А в конце, как апофеоз поэмы «Русь», предлагалась грандиозная грёза – а что, если поставить на Красной площади в Москве памятник главной кормилице Руси – Корове!
Антонов разнёс в пух и прах поэму, несмотря на все попутные в ней находки. Разносил он тихо и грустно, видя трагические мальчишечьи глаза, и понимая, что мальчишка этот в сущности хочет создать что-то Великое, и по главной сути родственное ему самому. Но… «Платон мне друг…».
Убитый, уже поднявшись со стула, я хотел было уходить, но какая-то природная злость (или остатки гордыни) напоследок всё же заставила меня пролепетать потерянно:
– «Поэма не получилась… я понял… а стихи?..»
– Какие стихи? – Удивленно спросил мэтр (он тогда казался мне стариком, этот сорокалетний мужчина)
– «Как какие? Лирические. Там, в конце тетради, после поэмы…»
– «А давайте поглядим!..».
И он начал лихорадочно перелистывать потрёпанную тетрадь. Позже я понял (да и сам он потом признавался), что не прочтена им была и половина поэмы, писанной корявым почерком, который я и сам иногда не могу разобрать. Он начал читать, напряжённо вглядываюсь в строки, и стало происходить чудо. Из усталого грустного человека словно бы вынырнул совершенно иной. Этот иной был подтянут, азартен, он вдруг начал раскачиваться и кивать головой.
Тут я поневоле вспомнил знаменитого тренера по футболу Лобановского – он так же, следя за игрой, сидя раскачивался, кивал головой сверху вниз, а потом – иногда – свирипел и возмущённо качал ею вправо-влево.
В итоге я, мальчишка старших классов средней школы, был удостоен того, о чём мечтали и маститые литераторы – подборки в крупнейшем, знаменитом на весь Советский Союз журнале, основанном аж в 1933 году. К великому сожалению, журнал угасает ныне, и даже, ходят слухи, вовсе закрыт. Хорошо, если просто на «ремонт», а не навеки…
Я получил за небольшую подборку целых 70 крепких советских рублей! Моя мать, всю жизнь работавшая бухгалтером и получавшая 60 рублей в месяц, недосыпавшая ночей в квартальные и особенно в годовые отчёты (что такое «бухгалтерская копейка», из-за которой надо было пересчитывать всю отчётность, чтобы точно свести баланс – нынешние бухгалтеры вряд ли догадываются) была просто изумлена. А ещё более я сам.

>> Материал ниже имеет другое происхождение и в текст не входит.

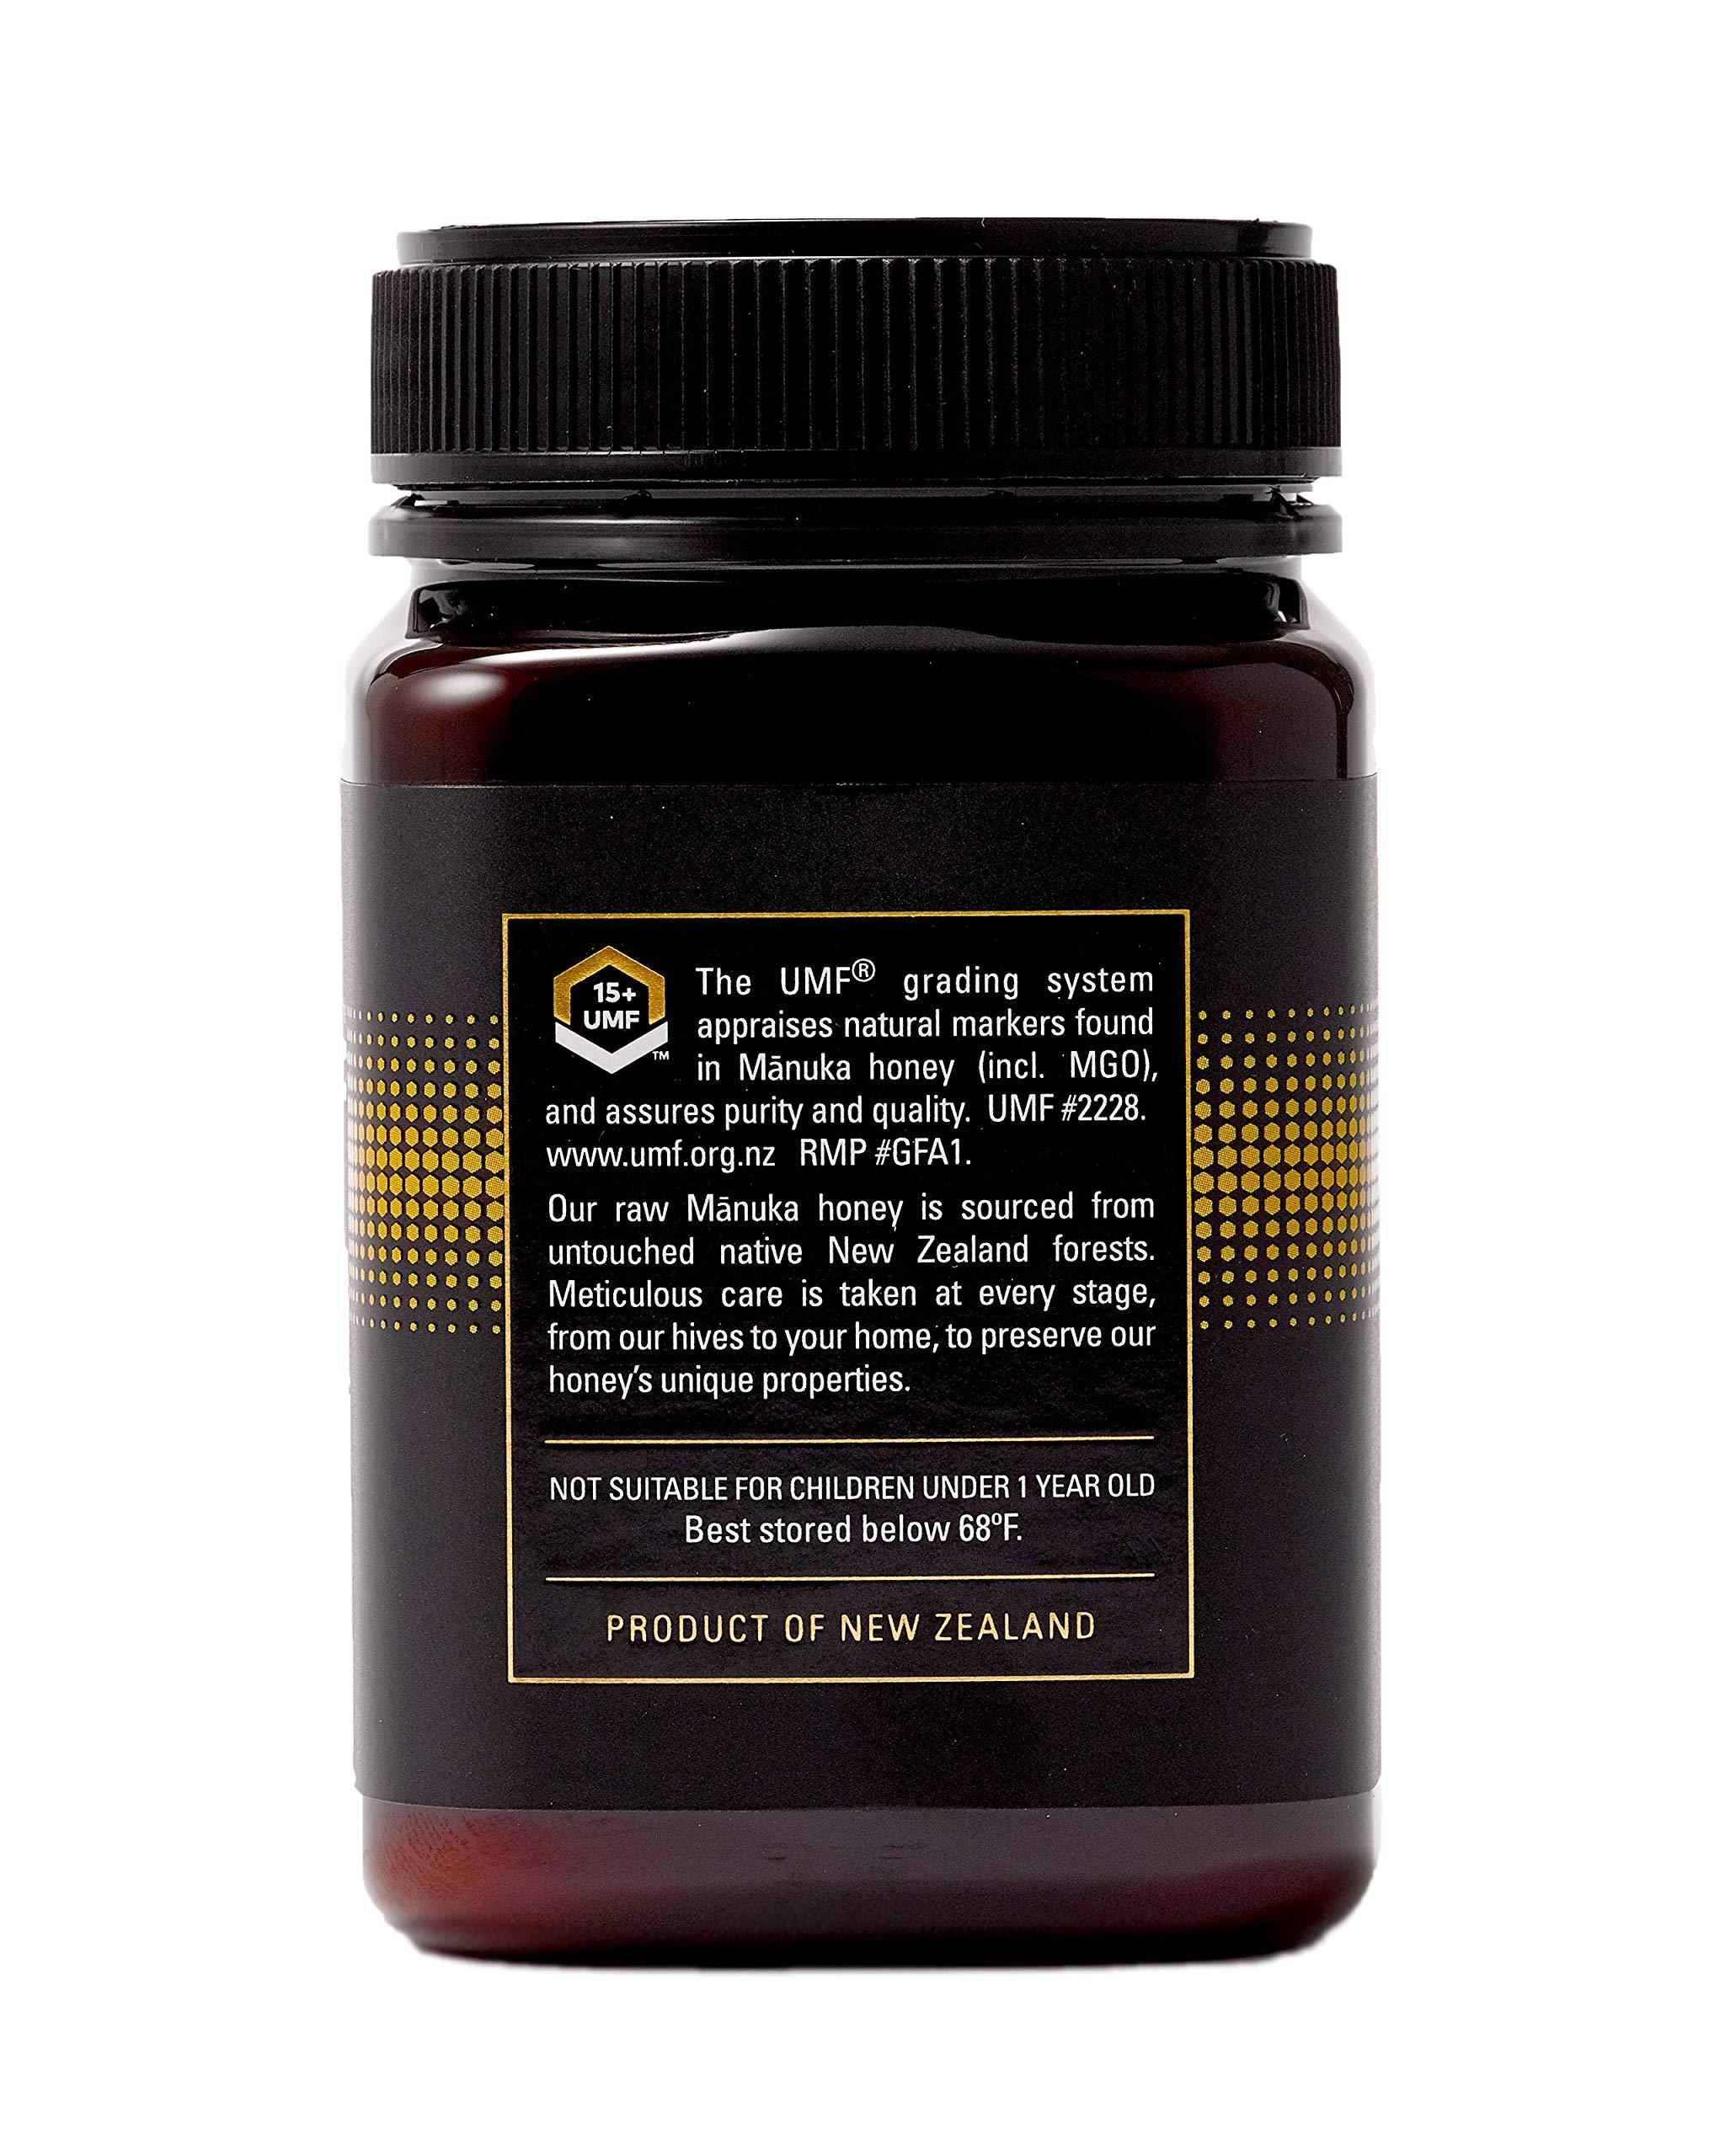 Manukora UMF 15+/MGO 500+ Raw Mānuka Honey (500g/1.1lb) Authentic Non-GMO New Zealand Honey, UMF & MGO Certified, Traceable from Hive to Hand by Manukora (Image #3)

До того я искренне считал, что за публикацию надо платить самому. А как же! Ты несёшь в бессмертие свои чувства, свои мысли, своё имя, в конце концов!..
В конце концов на эти деньги я провёл прекрасный месяц на Иссык-Куле, где было всё: и солнце, и воздух, и вода, и рыбалка, и первый настоящий поцелуй – в духоте и возне фанерного домика на берегу, страсть, задыхание, испарина молодых тел…
Это предыстория. История – сам Антонов.
Молодым, в 50-е годы он без проблем поступил в Литинститут в семинар Ярослава Смелякова. О Смелякове отзывался хорошо. Особенно поразил его рассказ, как на самом первом семинаре, уже порядочно пьяный Смеляков начал знакомство со своими студентами. Время от времени наклонялся, вышаривал «что-то» в портфеле и, спустя минуту, поднимался – заметно повеселевший. Красивая молоденькая девочка в свою очередь звонко читала свои стихи (шла так называемая «шапка по кругу»). Смеляков, уже вновь осоловевший, вдруг прервал её чтение и спросил:
– «Девочка, сколько вам лет?»
– «Восемнадцать!» – гордо выкрикнула комсомолка.
Смеляков помрачнел, загрустил, уронил голову на руки… а потом произнёс трагическое:
– «Боже мой, Боже мой… сколько же вас, девочка, будут е… ть!..»
Через месяц Смелякова уволили из Литинститута. Антонов уволился одновременно с ним. И вовсе не из солидарности, а потому, что стал задыхаться в Москве, в бензине улиц, в толпах людей, в ристалищах самоназванных гениев.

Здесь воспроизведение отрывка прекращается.